Theodor Baierl (8 November 1881, Munich – 1932, Munich) was a German painter and fresco artist.

== Life and work ==
He came from a humble background, but was able to attend the Academy of Fine Arts, Munich, where he studied with Martin von Feuerstein, Carl von Marr, Hugo von Habermann and Franz von Stuck. He became a member of the Munich Secession. However, he was also fond of art from the Middle Ages and the Quattrocento, both of which heavily influenced his style and thematic content. Several paintings, such as "Ritter mit Tod" (Knight with Death), are obvious homages to Albrecht Dürer.
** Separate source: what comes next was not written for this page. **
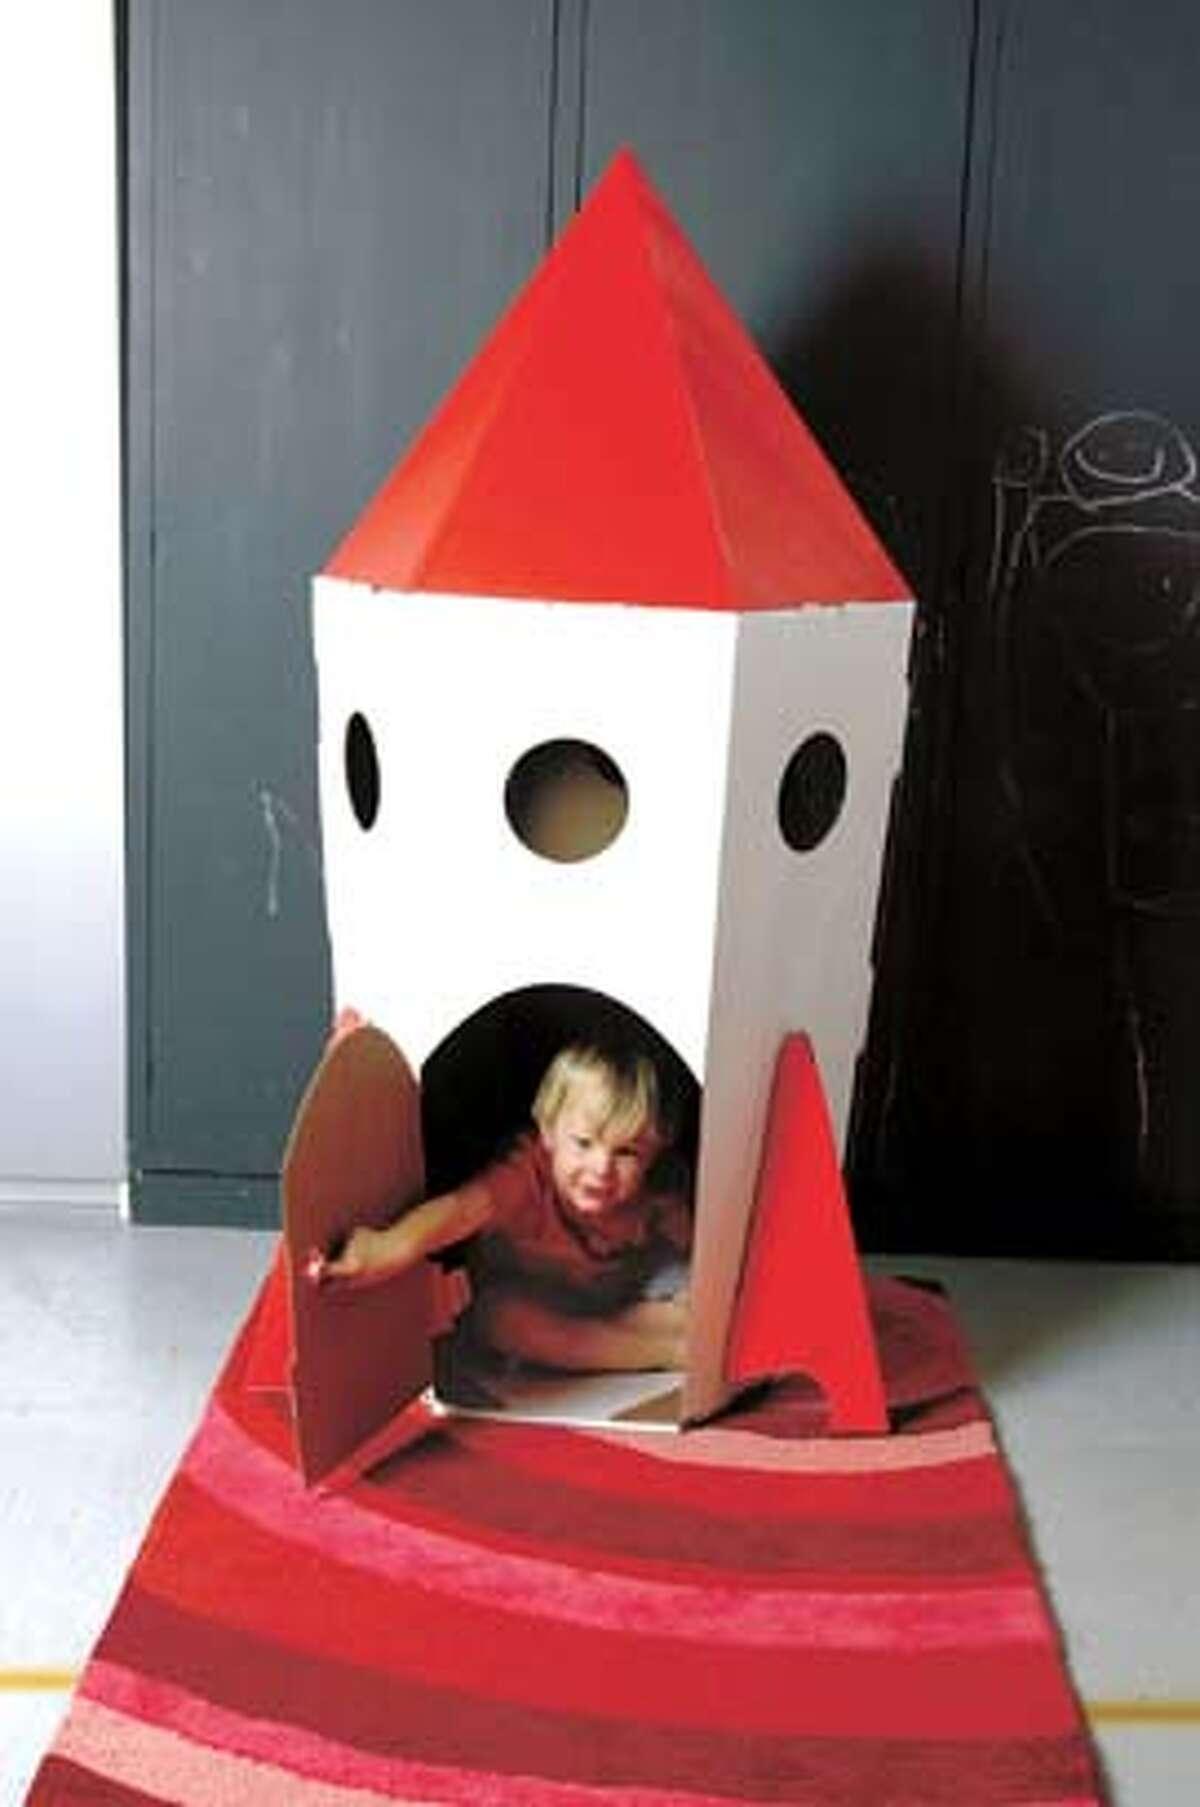 DESIGN_03.JPG Rocket playhouse, courtesy Modernmini. Photo by HANDOUT / Handout
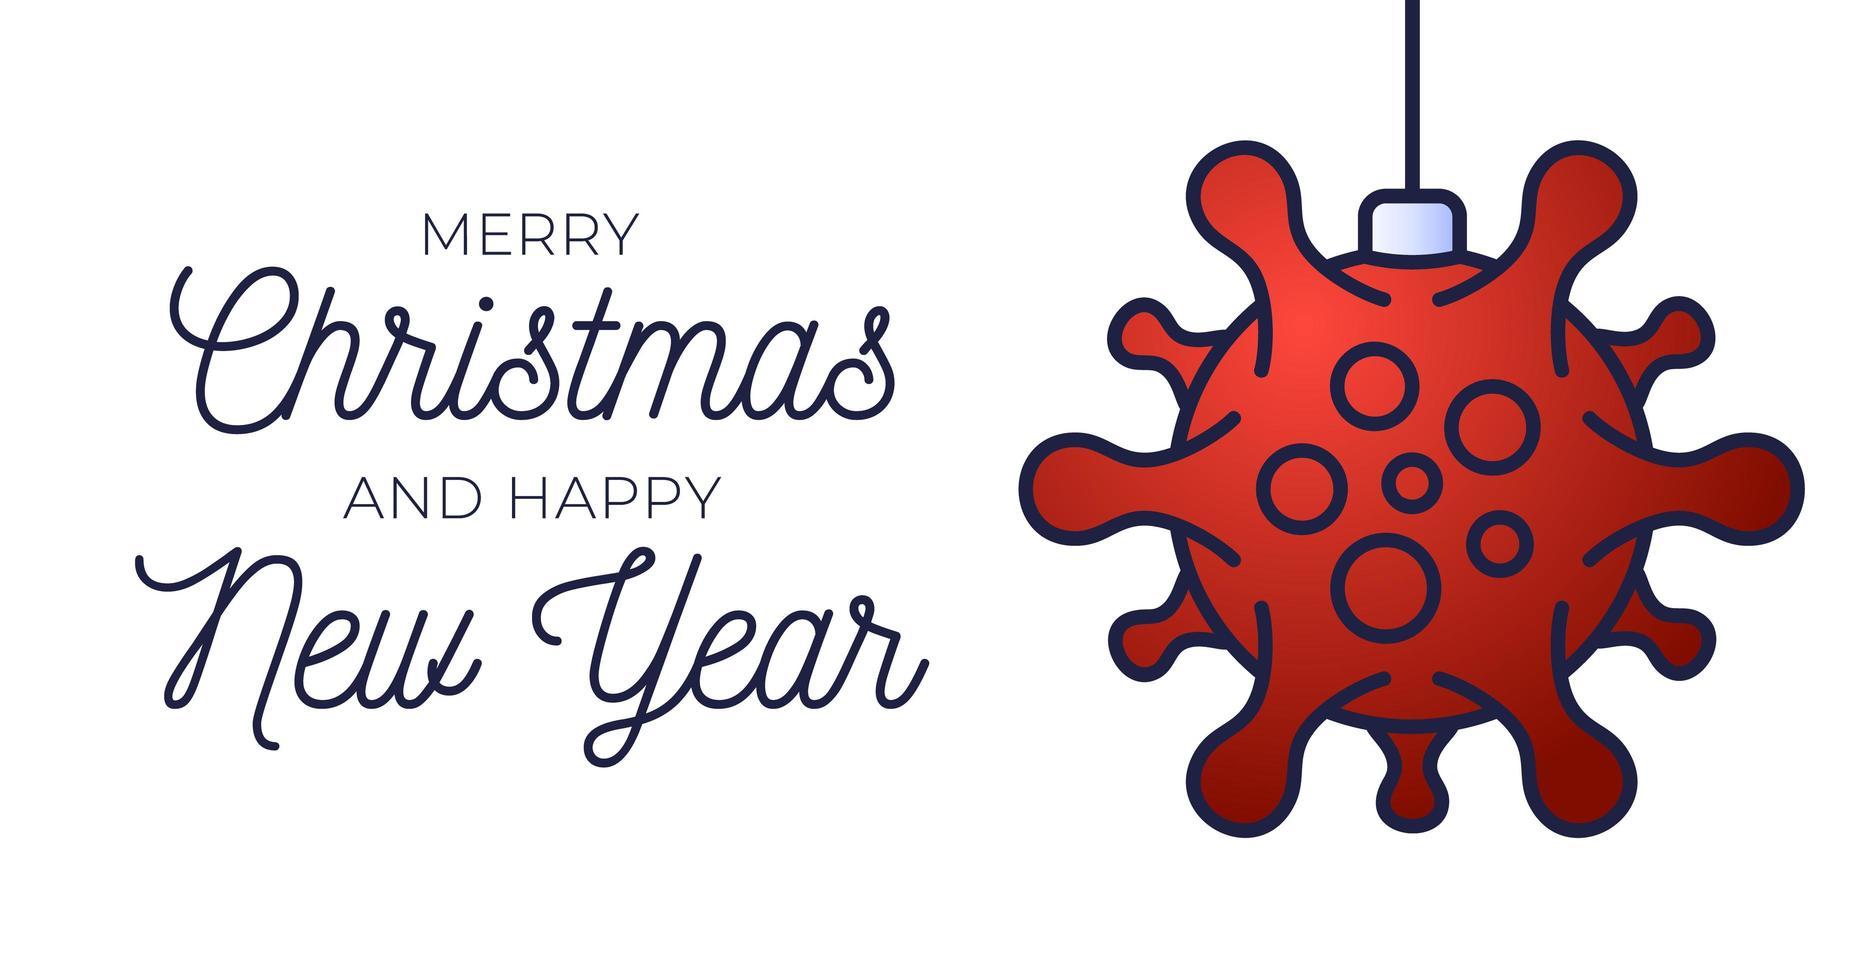 röd coronavirus jul boll affisch vektor

His mastery of the old techniques led to his popularity as a church painter and many of the frescoes he executed throughout Bavaria are often mistaken for older pieces. Some of his most prominent works include: the apse of St. Maximilian Church (Munich), the Stations of the Cross in the Herz-Jesu-Kirche (Augsburg), the apse in St. Johanniskirche (Schweinfurt) and the altarpiece at the Fugger Chapel at Kirchheim in Schwaben. He also designed glass paintings.

During the First World War, his church-related commissions disappeared and were never fully restored. As a result, he changed his approach, devoting himself to easel paintings of an allegorical or historical nature, eventually modernizing his style; although he never reattained his earlier level of popularity and died in obscurity.